I would like to fit the frequency data with discrete generalized beta distribution (DGBD).

The data look like this:

freq = c(1116, 2067, 137 ,  124, 643,  2042, 55  ,47186,  7504, 1488, 211,   1608,   
         3517 , 7  , 896  ,  378, 17 ,3098, 164977  ,  601 ,  196, 637, 149 , 44,2 ,  1801, 882   , 636,5184,  1851,  776 ,   343   , 851, 33  ,4011,   209,  715 , 
         937 , 20,   6922, 2028 , 23,  3045 , 16 , 334,  31 ,  2)

Rank = rank(-freq, ties.method = c("first") )
p = freq/sum(freq)

get the log forms

log.f = log(freq)
log.p = log(p)
log.rank = log(Rank)
log.inverse.rank = log(length(Rank)+1-Rank)

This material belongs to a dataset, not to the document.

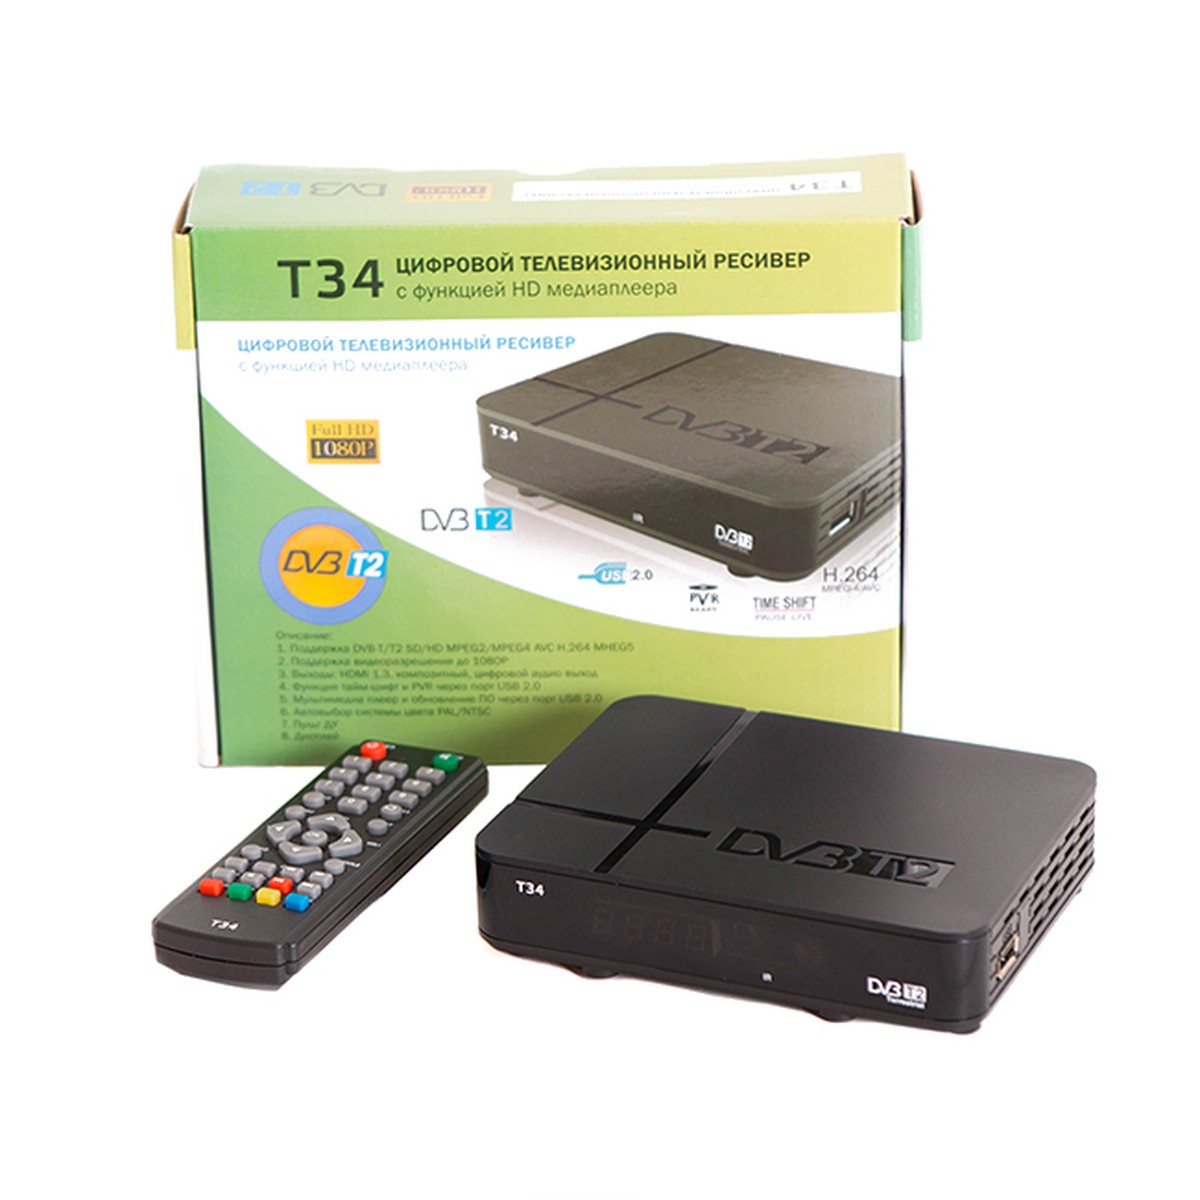 Приставки для цифрового телевидения спб. Цифровая приставка DVB-t2 t34. Цифровой тюнер DVB-t2. Цифровая приставка ДВБ т2. Цифровой ресивер TV DVB t2.

linear regression of the discrete generalized beta distribution

co=coef(lm(log.p~log.inverse.rank + log.rank))
zmf = function(x) exp(co[[1]]+ co[[2]]*log(length(x)+1-x) + co[[3]]*log(x))

plot

plot(p~Rank, xlim = c(1, 80), log = "xy",xlab = "Rank (log)", ylab = "Probability (log)")
curve(zmf, col="blue", add = T)
xx=c(1:length(Rank))
lines(zmf(xx)~xx, col = "red")
points(zmf(xx)~xx, col = "purple")

enter image description here

Figure 1. the plot looks like this

My question is what is the right way to demonstrate the result? lines (points) or curve?

Update:

Although I have not figured out the underling logic, the solution is found:

@Frank reminds me to notice the trick of setting the length of n in the curve. It solves the problem. Thus, n in curve is necessary when we try to fit the raw data. Although in many situations, n is ignored.

plot(p~Rank, log = "xy",xlab = "Rank (log)", ylab = "Probability (log)")
curve(zmf, col="blue", add = T, n = length(Rank)) # set the the number of x values at which to evaluate.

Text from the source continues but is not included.